## What the exercise asks:
In the entries that follow, find the line containing "Sunsets Ocean Wallpaper" and the line containing "Alice + Olivia Danna Tie Strap A-Line Dress", then copy exactly everything from the first through the second except the pictures.

(Records for this exercise begins)

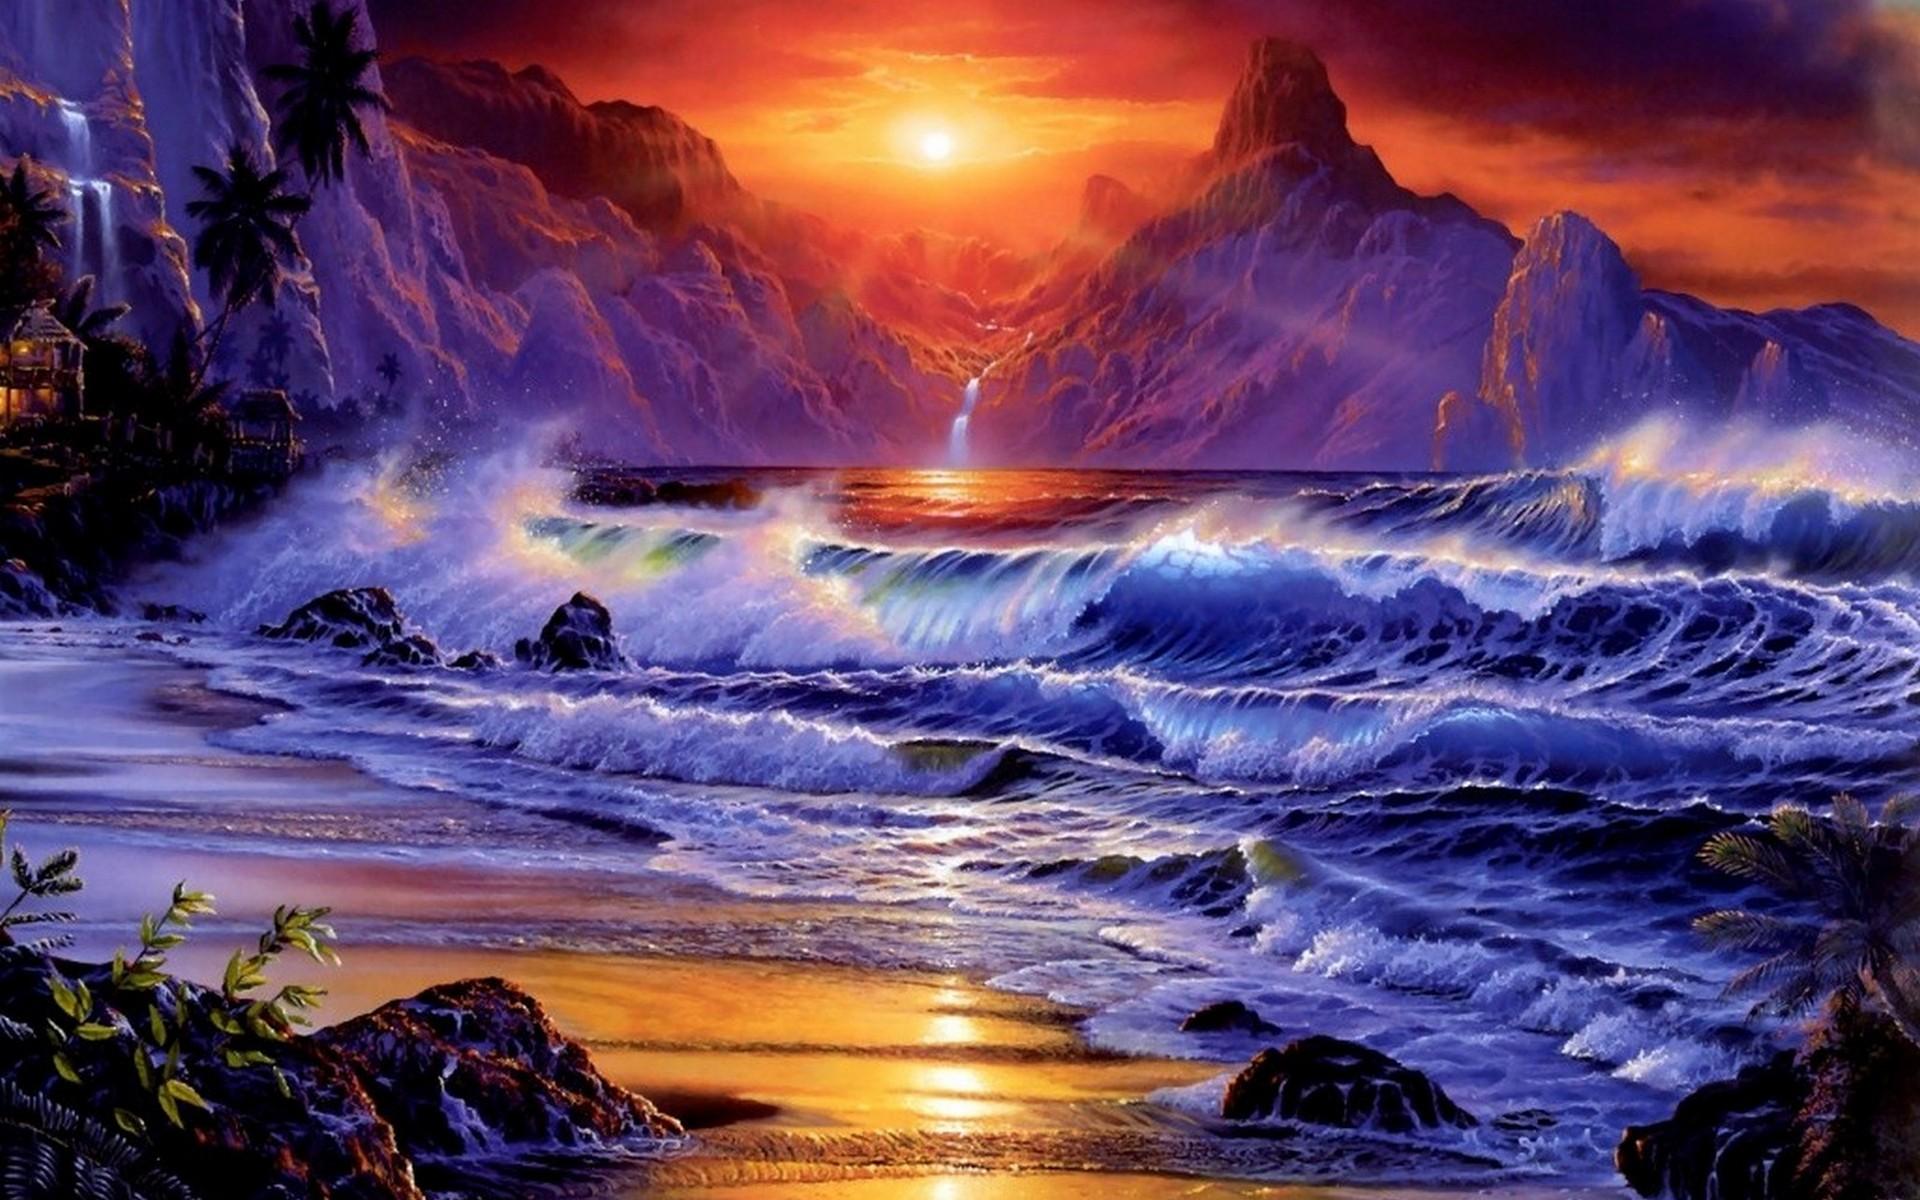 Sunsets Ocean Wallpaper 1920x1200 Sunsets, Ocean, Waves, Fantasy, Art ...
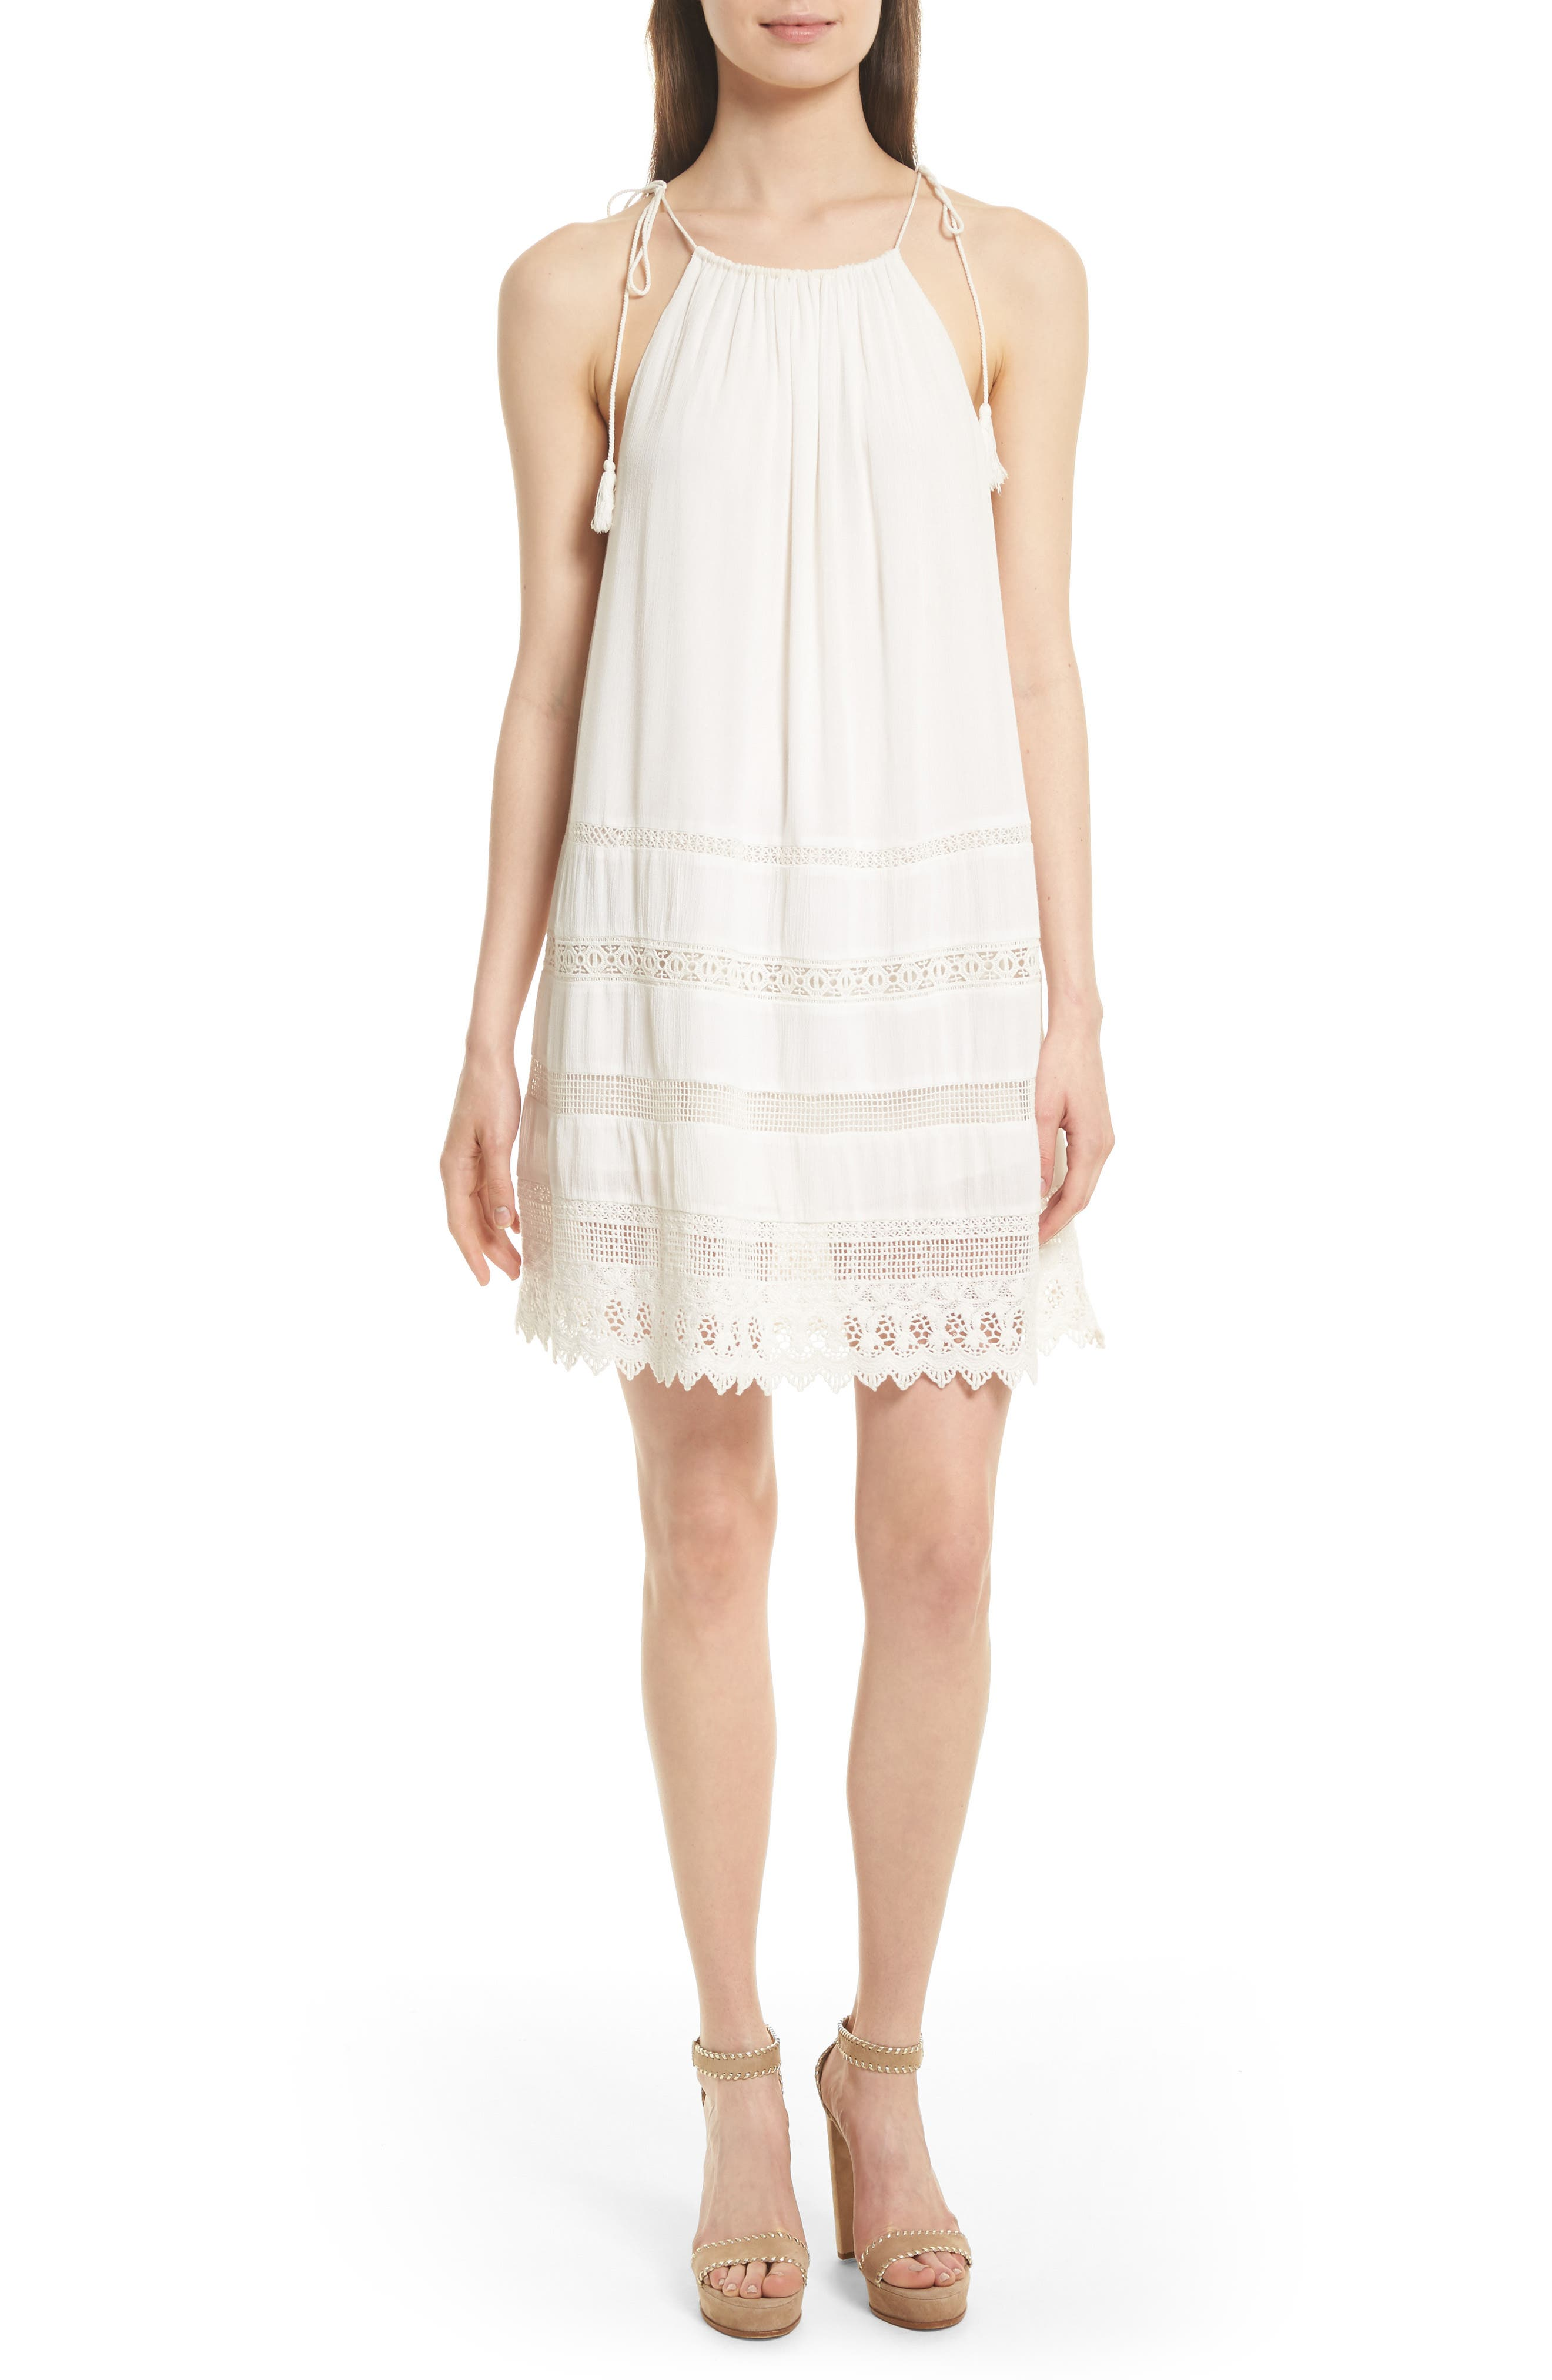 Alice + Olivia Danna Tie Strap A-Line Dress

(Records for this exercise ends)
(Records for this exercise begins)

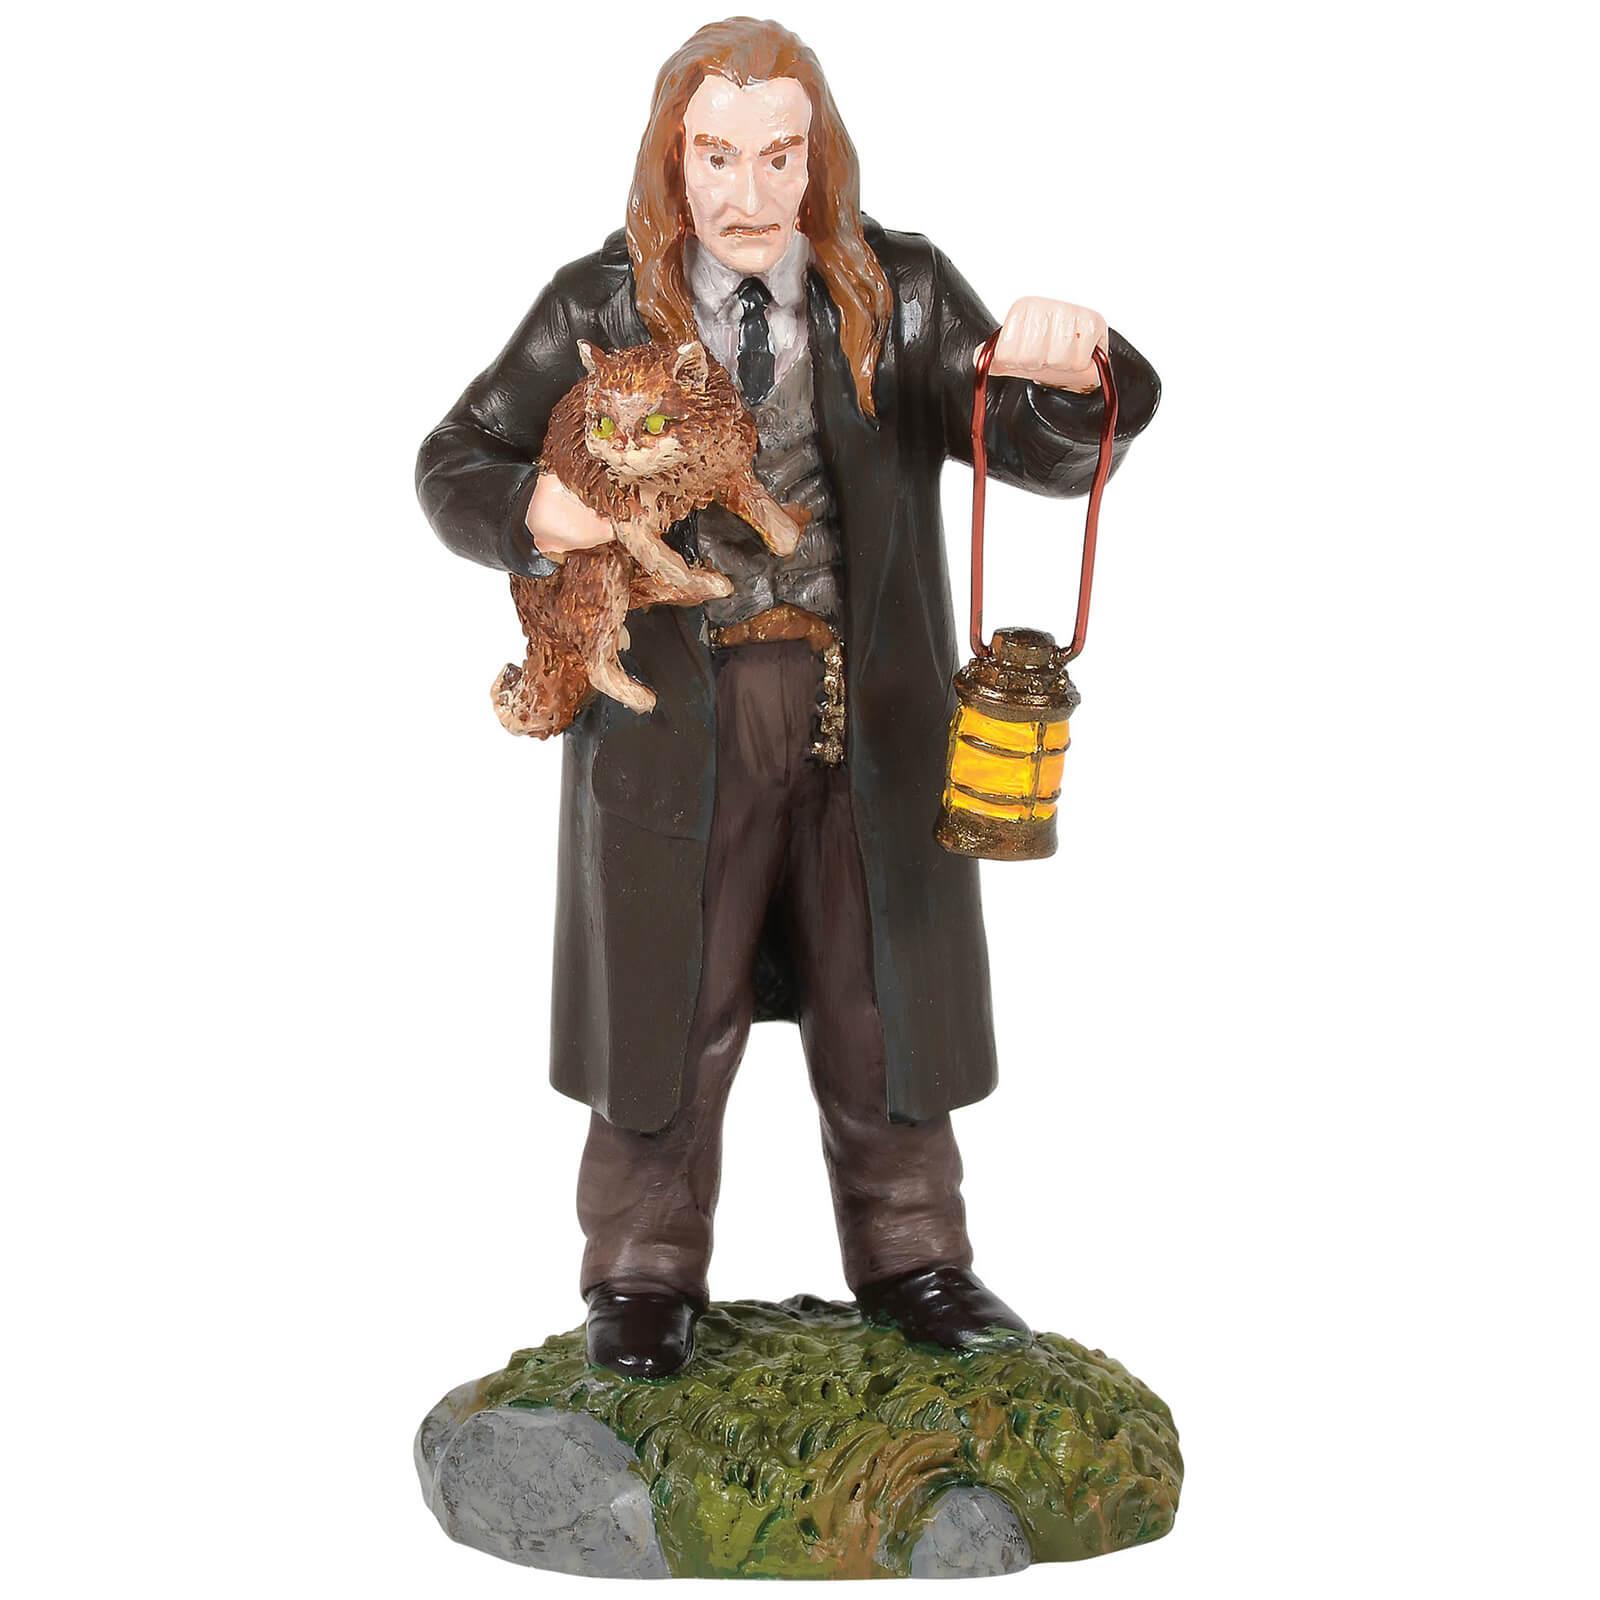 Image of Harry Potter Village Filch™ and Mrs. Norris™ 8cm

(Records for this exercise ends)
(Records for this exercise begins)

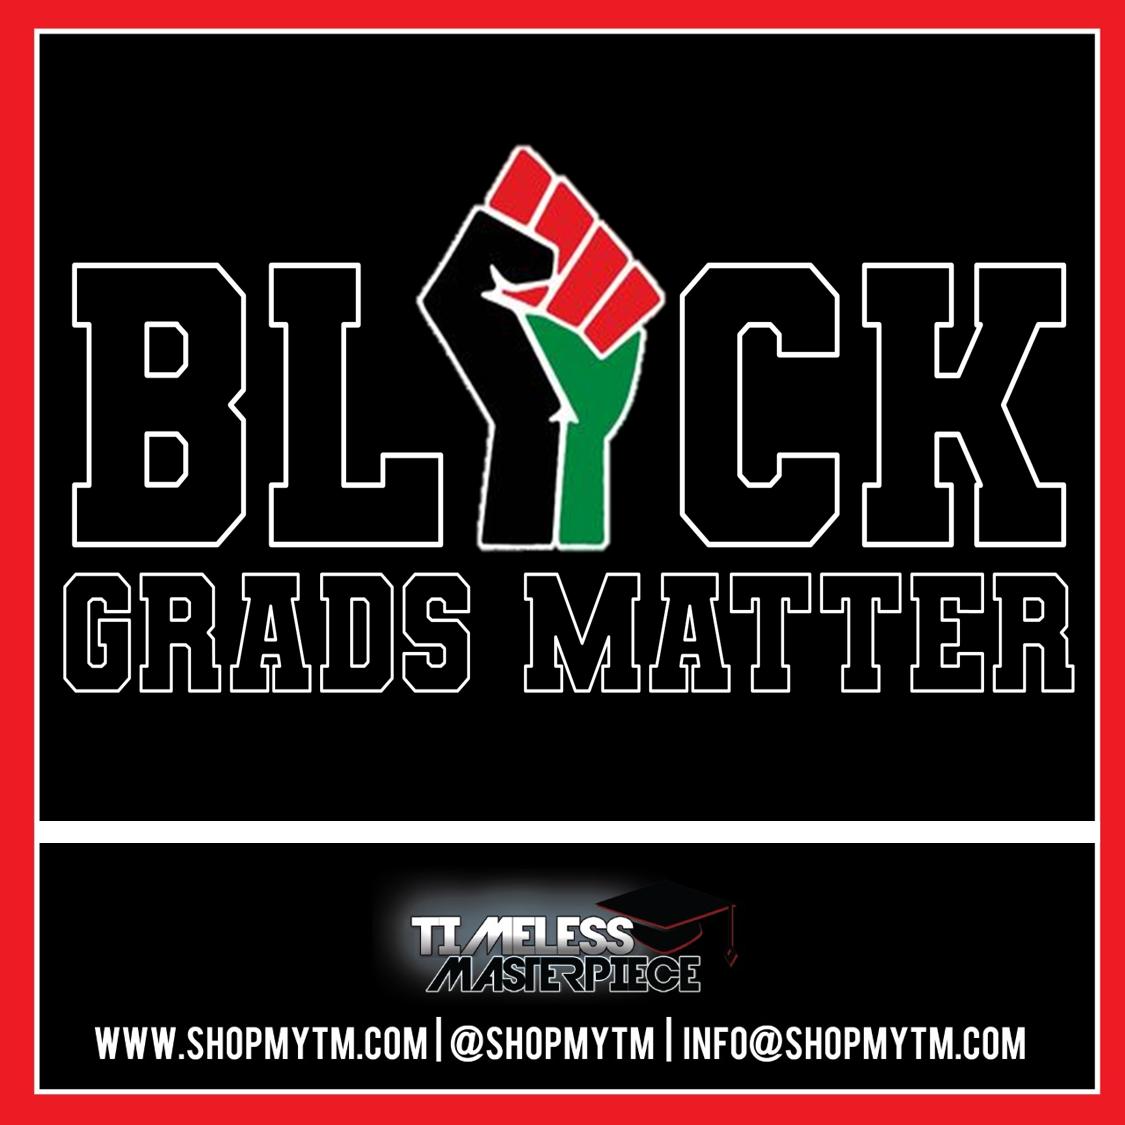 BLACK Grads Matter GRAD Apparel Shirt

(Records for this exercise ends)

## Task result:
 Sunsets Ocean Wallpaper 1920x1200 Sunsets, Ocean, Waves, Fantasy, Art ...
 Alice + Olivia Danna Tie Strap A-Line Dress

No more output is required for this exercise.